В эту же самую минуту Наполеон приказал своим отступать на север, к Можайску. Итак, обе армии повернулись спиной друг к другу, обманывая друг друга арьергардами[189].

Вильсон уверял, что со стороны Кутузова это было настоящее бегство. Со всех сторон к мосту, на который опиралась русская армия, подходили кавалерия, повозки, орудия, батальоны. Тут все эти колонны, стекавшиеся справа, слева и с центра, сталкивались, торопились и смешались в такую огромную, путаную массу, что не было возможности двигаться дальше. Потрачено было несколько часов, чтобы очистить и освободить этот путь. Несколько ядер Даву, которые он считал посланными напрасно, попало в сумятицу.

Наполеону достаточно было только двинуться на эту беспорядочную толпу. Теперь, когда под Малоярославцем было сделано большое напряжение, когда оставалось только идти вперед, он отступал. Такова война: никогда попытка и смелость не доводятся до конца; восток не знает, что делает запад.

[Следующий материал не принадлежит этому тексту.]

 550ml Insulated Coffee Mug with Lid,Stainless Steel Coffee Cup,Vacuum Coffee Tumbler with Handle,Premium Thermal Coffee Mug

Аванпосты — только показная часть двух неприятельских армий; при помощи их армии угрожают друг другу. Между двумя армиями всегда огромная пропасть!

Все это произошло, может быть, потому, что у императора не было осторожности в Москве, а здесь у него не было смелости. Он устал; эти два казацких нападения вызвали в нем отвращение; вид раненых растрогал его; все эти ужасы отталкивали его, и, подобно всем решительным людям, он, уже не надеясь на полную победу, решил, поспешно отступить.

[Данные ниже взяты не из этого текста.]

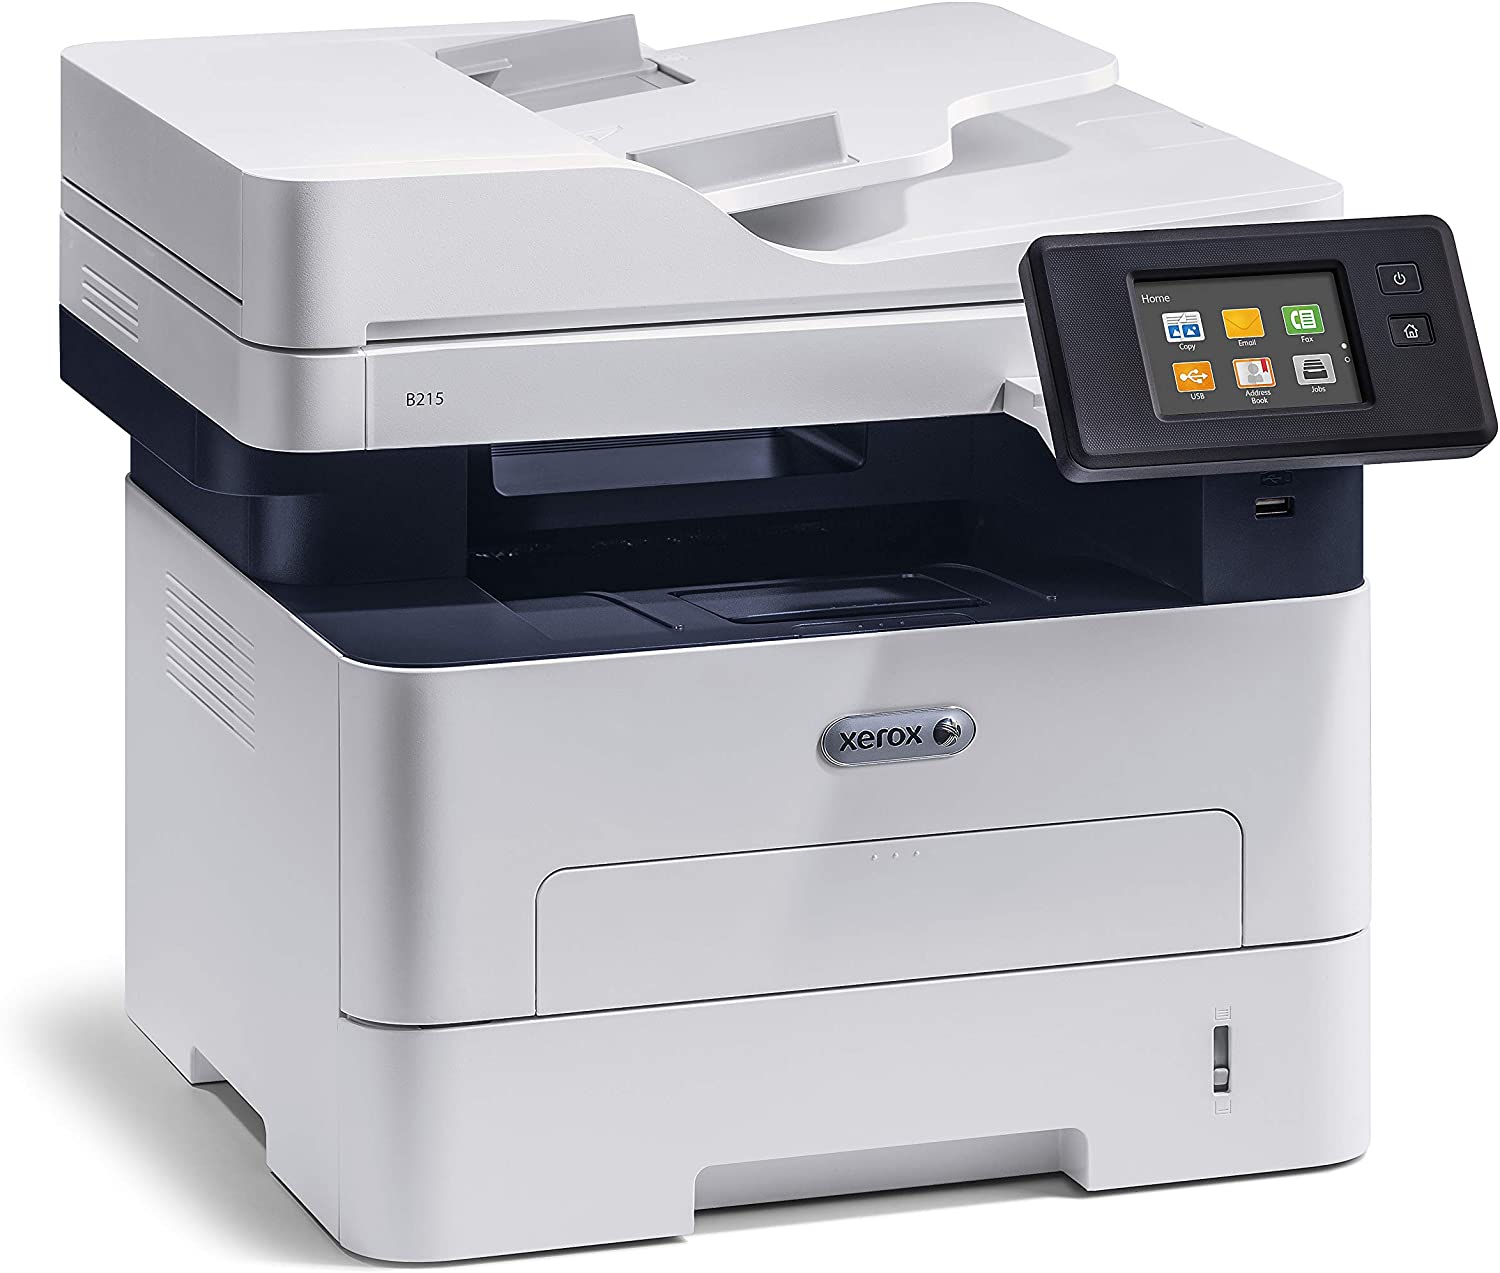 Xerox B215DNI Impresora multifunción monocromática, Amazon Dash Replenishment Ready, Blanco

С этого момента он видел перед собой только Париж — точно так же, как, уезжая из Парижа, он имел в виду только Москву! Роковое отступление наших войск началось 26 октября. Даву с 25 тысячами человек остался в арьергарде. В то время, как он сделал несколько шагов вперед и этим, сам того не зная, навел ужас на русских, Великая армия повернулась к ним спиной. Она шла, опустив глаза, словно пристыженная и сконфуженная. Посреди нее ее вождь, мрачный и молчаливый, казалось, тревожно измерял глазами расстояние, отделявшее его от берегов Вислы.

Наполеон, погруженный в гадательные предположения, в задумчивости приехал в Верею, где его встретил Мортье. Но я пропустил один достойный быть отмеченным факт; объясняется это быстрой сменой очень серьезных событий.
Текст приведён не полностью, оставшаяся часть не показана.